This background needs some clarification. Appointing judges for life was considered the last stage of several waves of the judiciary reform that started two governments’ ago, in Eduard Shevardnadze’s era, and generally followed recommendations of the democratic West.
Selecting judges through meritocratic criteria, giving them decent salaries, making the process of their selection independent from the politicians, and appointing them for life would make them independent and honest – so the theory goes. This is all accomplished now.
The majority of judges are appointed for life by the CoJ. It is only selecting permanent members of the Supreme Court that requires approval by Parliament.

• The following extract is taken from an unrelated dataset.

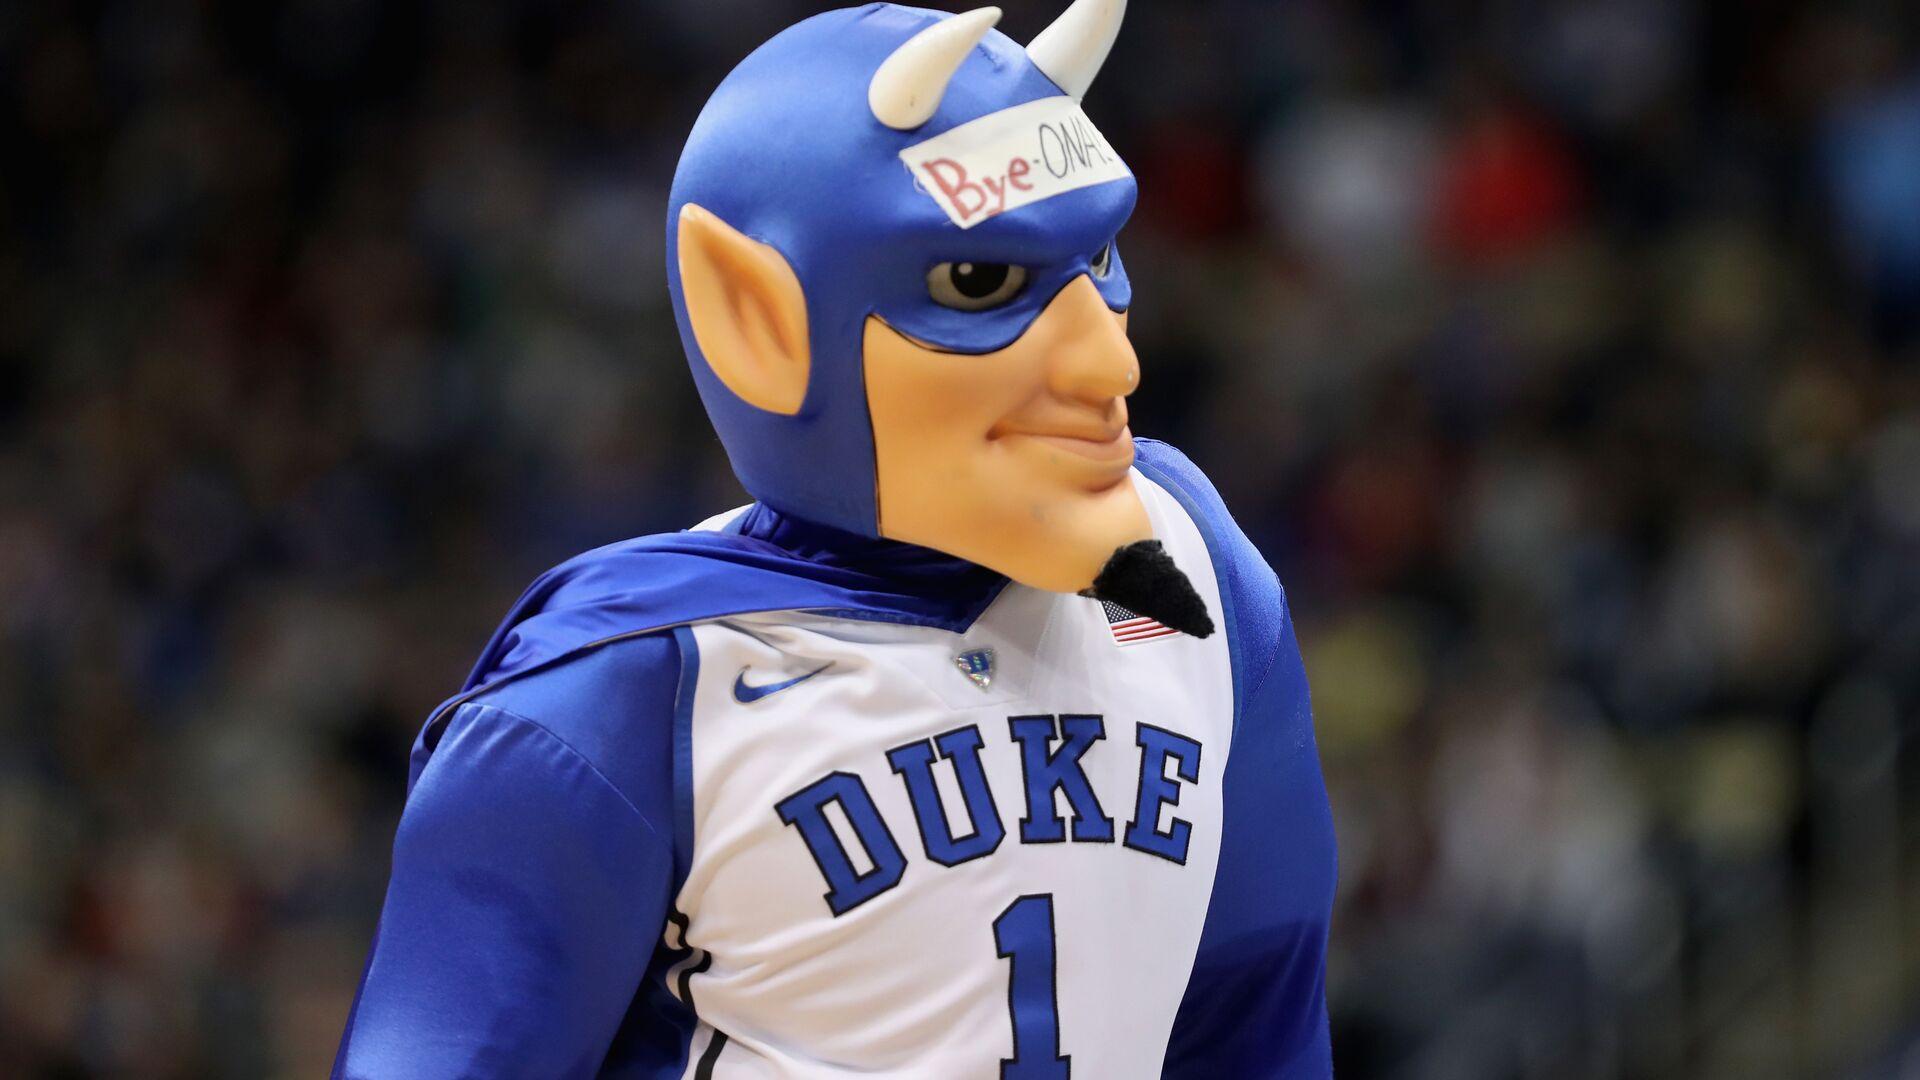 Duke basketball signee struggles to shake off rust in return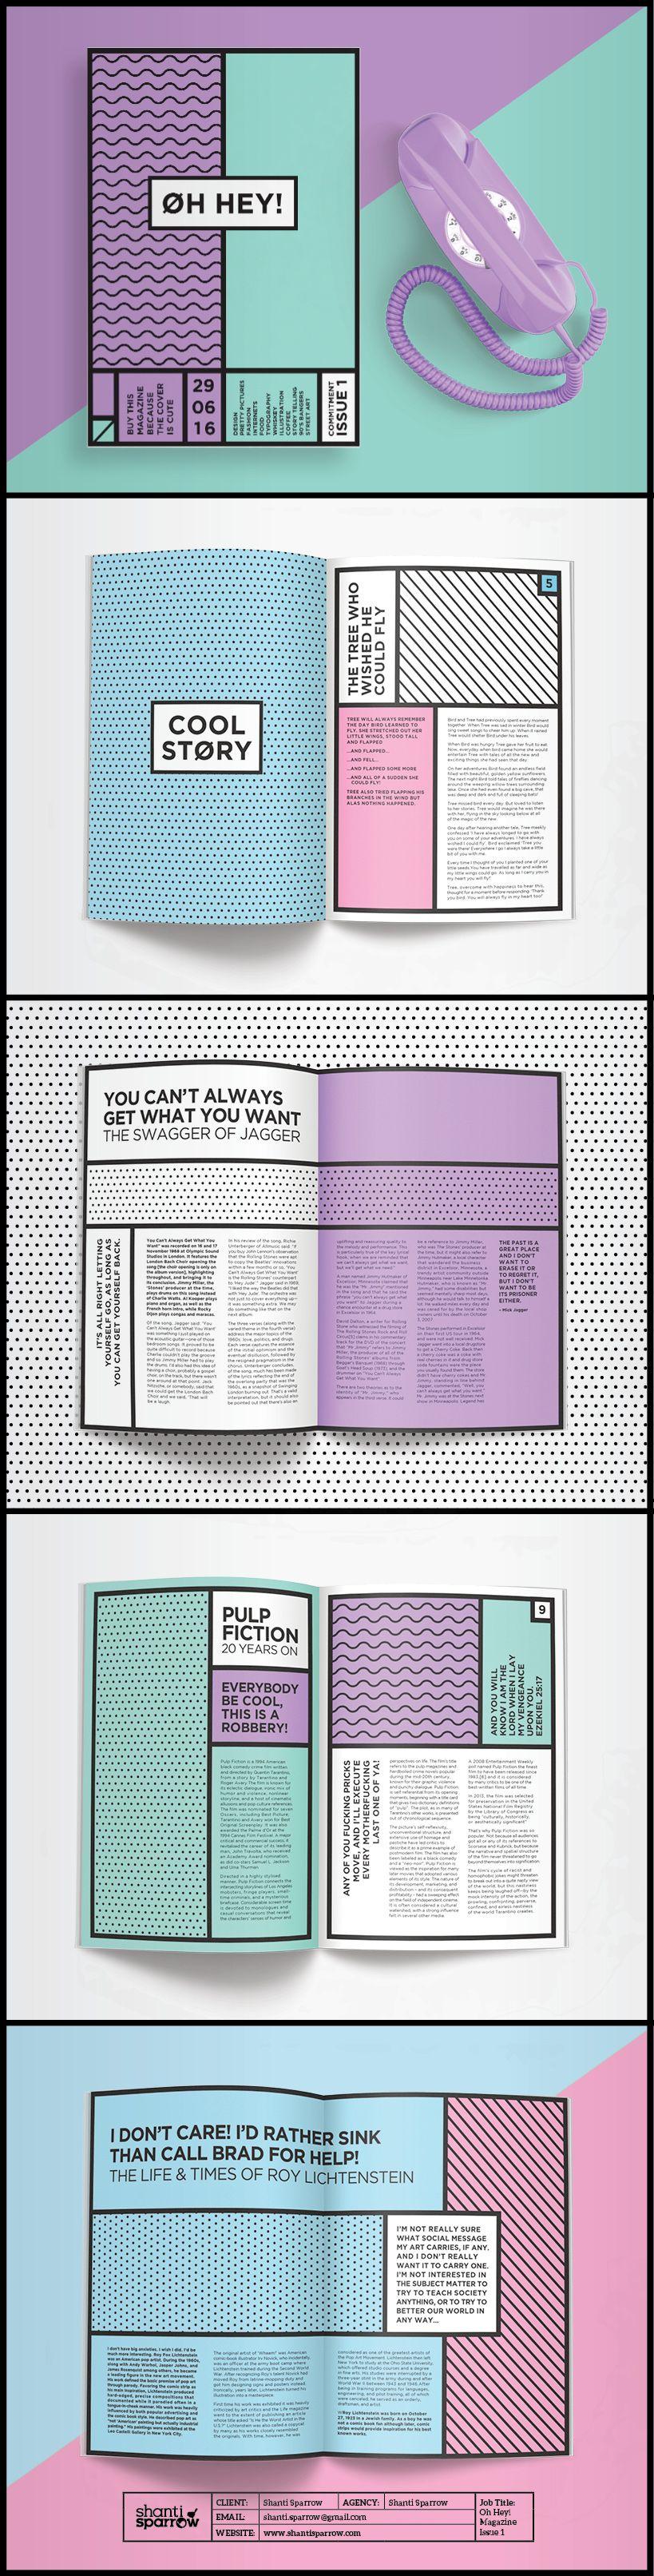 Design by Shanti Sparrow www.shantisparrow.com Client: Oh Hey! Project Name: Magazine Design

Judges hold the majority in the CoJ, the most important decision-making body within the judiciary system, though it also includes non-judges. Supposedly, this is another safeguard of the independence of the judiciary.
However, the CoJ, as well as the judiciary system in general, is widely believed to be effectively guided by an informally influential group of judges usually referred to as “the clan”, allegedly led by two people, Mikheil Chinchaladze and Levan Murusidze. Apparently, other judges slavishly follow the instructions of “the clan”.
The latter, on the other hand, derives its power from being close to the government and ensures that judges satisfy the government wishes if the outcome of some cases happens to be important for it.
This means we have arrived at a paradoxical situation whereby formal independence of the judiciary corps – theoretically, an achievement – makes it difficult to fight the influence of “the clan”. Its members, as well as judges who tend to follow their instructions, are appointed for life and cannot be dismissed.
Some politicians and activists hope that the notorious judges may somehow be shamed into resigning, but it looks unlikely. Come what may, “the clan,” and Messrs. Chinchaladze and Murusidze in particular became the two most demonized people in the country as chief obstacles to the independence of the judiciary. The leaders of the GD appear to be the only ones who do not share this consensus. Which is fully understandable: the system as it stands ensures their control over the courts.
The old and the new
However, is disagreement on this issue the core reason for the split within GD? There are reasons to be skeptical. The rebels say members of “the clan” are bad because they were first appointed by their predecessors, the United National Movement, and followed their bidding while the UNM was in power.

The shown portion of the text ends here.